The flood of misogyny, racism, and hatred of immigrants and LGBT+ folk which swept the world after the Trump presidency will be a mere appetiser compared to what might come with some iteration of Trump Mark II – especially as the global town square, Twitter, is now in the hands of Elon Musk, a man many believe is inclined to give succour to extremism and is happy for the social media giant to disseminate disinformation.

How might that wave of hate crash up against Britain’s shores? It’ll drive us further apart, that’s for sure. But here’s a truth about Scotland and the rest of the UK: we can’t allow ourselves to be driven further apart. We can’t risk it. We can’t become America. But it feels we’re inevitably heading there.

We’re already inhabiting different ecospheres: the Guardian on one hand, GB News on the other. The woke v the anti-woke in endless unwinnable culture wars. Brexit is itself Britain’s "big lie": half the country thinks it’s the path to paradise; the other half considers Brexit the most damaging wound to Britain in living memory. Both sides believe they have the best interests of the nation at heart, and see their opponents as ‘enemies’.
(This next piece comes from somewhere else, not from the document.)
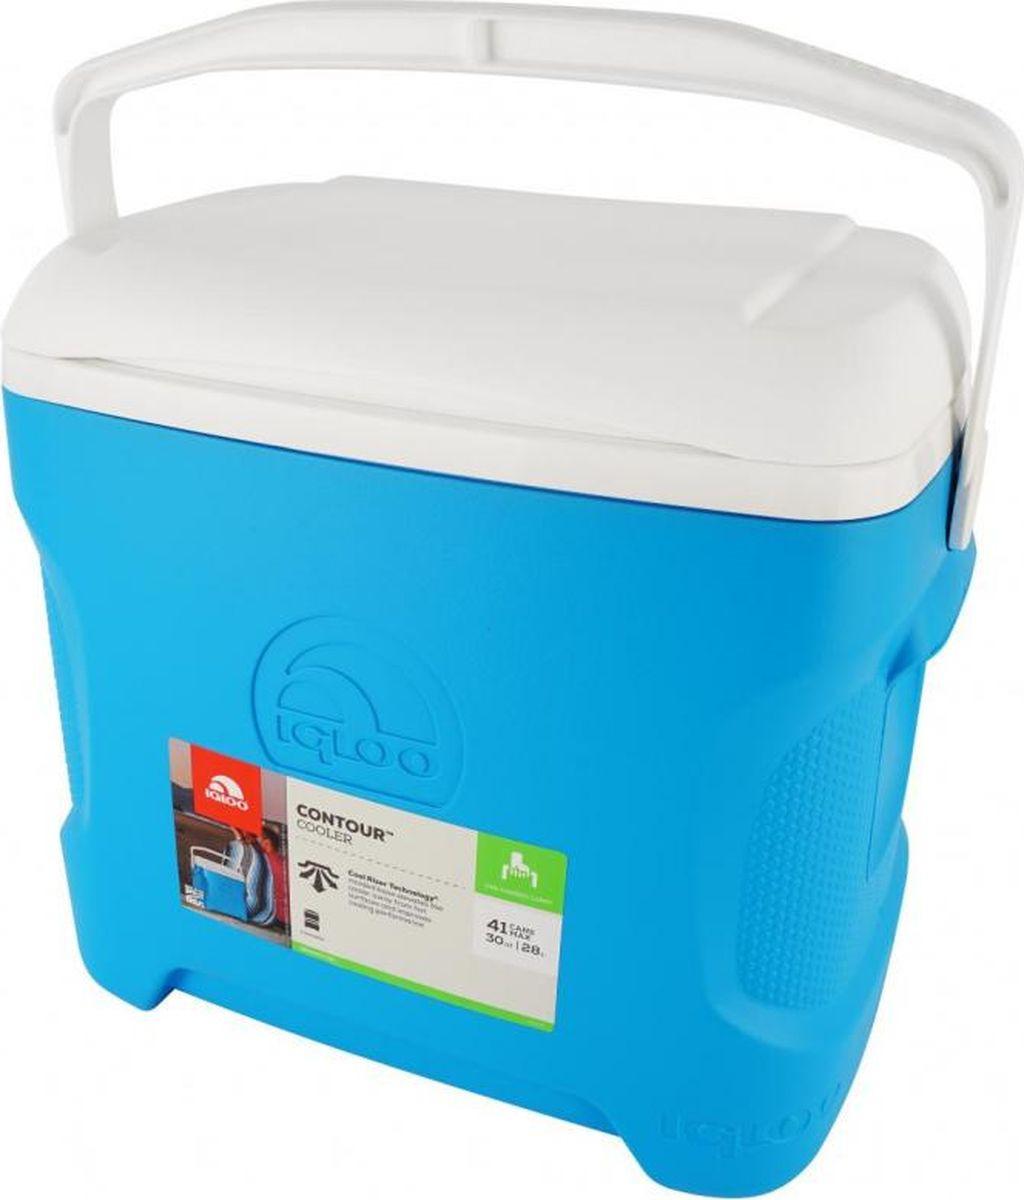 Изотермический контейнер Igloo Contour, 00049792, синий, 47 х 34 х 43 см igloo изотермический контейнер igloo playmate pal jucetwh

In Scotland, politics is hopelessly divided. The same illness affecting America affects us. Half of us want Scotland to leave the UK; half believe the Union must be preserved at all costs. There’s no middle ground, only polarisation.

We cannot simply blame politicians – whether in Washington, London, Paris, Edinburgh or Rome – for this collapse of all that unites us. We chose this, we voted in these divisive characters who use identity as a crowbar to separate us.

Everyone wants to be optimistic. But how do we put this genie back in the bottle? How do we rediscover the centre ground? That doesn’t mean we must all be centrist. You can come from the left or right, but still meet on safe middle ground as a place to discuss how we improve the country. However, that requires respect for political opponents: a short commodity. And we wonder why it feels like our nations are collapsing in the West. We spend all our time at war with each other, rather than trying to find solutions to the real crises ailing us.

We’re all guilty of this division: every politician, journalist, online poster, and voter. Somehow we just decided compromise was dead. If politics is war by other means, then heaven help us in a world where we’ve buried mutual respect. For proof, just watch America tonight.